# [Your task]
Gather each line containing the string "Electric" from these entries.

# [Working data]
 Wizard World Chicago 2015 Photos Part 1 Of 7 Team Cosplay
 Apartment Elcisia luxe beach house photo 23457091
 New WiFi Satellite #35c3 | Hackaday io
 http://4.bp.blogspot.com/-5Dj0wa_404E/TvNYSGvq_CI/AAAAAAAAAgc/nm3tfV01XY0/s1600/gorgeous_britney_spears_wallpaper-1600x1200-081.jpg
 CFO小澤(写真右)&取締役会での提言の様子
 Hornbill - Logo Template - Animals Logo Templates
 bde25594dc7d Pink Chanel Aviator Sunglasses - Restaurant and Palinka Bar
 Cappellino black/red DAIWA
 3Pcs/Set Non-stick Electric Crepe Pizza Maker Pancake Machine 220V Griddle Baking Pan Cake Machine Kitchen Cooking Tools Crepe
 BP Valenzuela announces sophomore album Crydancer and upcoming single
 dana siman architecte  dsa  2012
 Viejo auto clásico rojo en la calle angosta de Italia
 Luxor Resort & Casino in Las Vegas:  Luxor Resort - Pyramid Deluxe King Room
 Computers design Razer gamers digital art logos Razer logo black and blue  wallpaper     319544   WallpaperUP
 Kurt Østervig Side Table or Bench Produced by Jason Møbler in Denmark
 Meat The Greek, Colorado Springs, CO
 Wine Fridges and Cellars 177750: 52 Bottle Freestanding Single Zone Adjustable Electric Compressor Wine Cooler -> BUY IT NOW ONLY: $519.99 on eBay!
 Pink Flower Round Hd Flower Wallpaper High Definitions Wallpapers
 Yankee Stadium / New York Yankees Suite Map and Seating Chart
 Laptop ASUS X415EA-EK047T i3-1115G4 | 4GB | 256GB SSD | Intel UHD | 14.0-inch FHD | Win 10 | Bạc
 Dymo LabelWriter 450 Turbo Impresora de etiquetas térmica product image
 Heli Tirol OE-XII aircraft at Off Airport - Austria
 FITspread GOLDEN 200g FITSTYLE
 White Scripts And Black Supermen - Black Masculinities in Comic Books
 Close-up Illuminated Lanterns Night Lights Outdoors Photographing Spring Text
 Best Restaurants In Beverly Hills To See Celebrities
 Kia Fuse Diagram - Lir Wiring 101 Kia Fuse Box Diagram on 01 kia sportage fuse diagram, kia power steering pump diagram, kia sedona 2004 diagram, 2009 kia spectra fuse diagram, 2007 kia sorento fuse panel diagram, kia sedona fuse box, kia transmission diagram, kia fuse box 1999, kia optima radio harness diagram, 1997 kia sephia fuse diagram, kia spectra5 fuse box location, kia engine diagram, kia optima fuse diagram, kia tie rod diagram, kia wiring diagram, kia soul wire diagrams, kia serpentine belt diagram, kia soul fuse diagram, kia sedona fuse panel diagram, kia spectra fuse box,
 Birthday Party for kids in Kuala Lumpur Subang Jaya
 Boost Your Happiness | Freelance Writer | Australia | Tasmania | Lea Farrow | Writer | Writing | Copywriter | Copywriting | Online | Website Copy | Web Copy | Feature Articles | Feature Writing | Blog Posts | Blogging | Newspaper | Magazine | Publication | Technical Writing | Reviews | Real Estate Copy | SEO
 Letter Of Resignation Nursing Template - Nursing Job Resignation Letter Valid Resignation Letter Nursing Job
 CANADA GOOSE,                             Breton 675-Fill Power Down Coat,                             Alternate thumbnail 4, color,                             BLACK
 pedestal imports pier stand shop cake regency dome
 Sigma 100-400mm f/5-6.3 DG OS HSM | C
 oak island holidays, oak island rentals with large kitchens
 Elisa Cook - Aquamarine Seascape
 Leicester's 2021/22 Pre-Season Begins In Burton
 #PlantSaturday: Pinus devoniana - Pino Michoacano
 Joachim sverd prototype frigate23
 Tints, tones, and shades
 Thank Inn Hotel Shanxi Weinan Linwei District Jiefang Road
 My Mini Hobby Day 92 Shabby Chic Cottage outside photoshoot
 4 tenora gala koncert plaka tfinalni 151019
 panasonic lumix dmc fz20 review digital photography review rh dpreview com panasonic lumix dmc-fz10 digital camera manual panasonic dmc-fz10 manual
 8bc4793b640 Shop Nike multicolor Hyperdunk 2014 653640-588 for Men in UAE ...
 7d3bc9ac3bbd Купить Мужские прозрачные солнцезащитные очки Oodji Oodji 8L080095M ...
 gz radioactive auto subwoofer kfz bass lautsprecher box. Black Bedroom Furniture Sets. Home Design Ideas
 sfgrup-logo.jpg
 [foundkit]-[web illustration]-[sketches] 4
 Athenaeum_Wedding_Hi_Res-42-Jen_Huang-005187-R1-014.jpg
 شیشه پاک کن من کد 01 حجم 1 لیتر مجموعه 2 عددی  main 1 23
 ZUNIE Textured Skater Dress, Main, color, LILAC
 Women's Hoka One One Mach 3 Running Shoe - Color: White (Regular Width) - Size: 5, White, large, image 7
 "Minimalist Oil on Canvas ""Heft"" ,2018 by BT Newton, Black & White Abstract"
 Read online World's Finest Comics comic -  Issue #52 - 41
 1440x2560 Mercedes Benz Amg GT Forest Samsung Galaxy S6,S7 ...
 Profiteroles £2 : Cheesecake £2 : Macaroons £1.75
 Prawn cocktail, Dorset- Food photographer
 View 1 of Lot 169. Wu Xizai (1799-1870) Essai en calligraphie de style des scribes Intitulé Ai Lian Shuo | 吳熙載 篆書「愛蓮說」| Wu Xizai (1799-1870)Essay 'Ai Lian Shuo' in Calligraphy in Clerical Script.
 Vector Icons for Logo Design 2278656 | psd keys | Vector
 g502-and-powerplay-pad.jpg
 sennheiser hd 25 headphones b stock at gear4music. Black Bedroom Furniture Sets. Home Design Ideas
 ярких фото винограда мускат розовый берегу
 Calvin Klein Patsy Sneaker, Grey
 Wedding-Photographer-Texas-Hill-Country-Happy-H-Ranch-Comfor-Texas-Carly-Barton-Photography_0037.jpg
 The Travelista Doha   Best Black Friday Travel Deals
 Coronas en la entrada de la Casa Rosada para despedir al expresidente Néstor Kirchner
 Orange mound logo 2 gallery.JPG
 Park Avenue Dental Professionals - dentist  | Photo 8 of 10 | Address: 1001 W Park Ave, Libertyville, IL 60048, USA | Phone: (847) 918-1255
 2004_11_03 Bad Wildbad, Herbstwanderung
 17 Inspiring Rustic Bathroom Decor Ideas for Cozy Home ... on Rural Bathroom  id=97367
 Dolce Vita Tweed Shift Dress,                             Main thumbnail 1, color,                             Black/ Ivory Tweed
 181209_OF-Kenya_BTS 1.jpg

# [Answer box]
 3Pcs/Set Non-stick Electric Crepe Pizza Maker Pancake Machine 220V Griddle Baking Pan Cake Machine Kitchen Cooking Tools Crepe
 Wine Fridges and Cellars 177750: 52 Bottle Freestanding Single Zone Adjustable Electric Compressor Wine Cooler -> BUY IT NOW ONLY: $519.99 on eBay!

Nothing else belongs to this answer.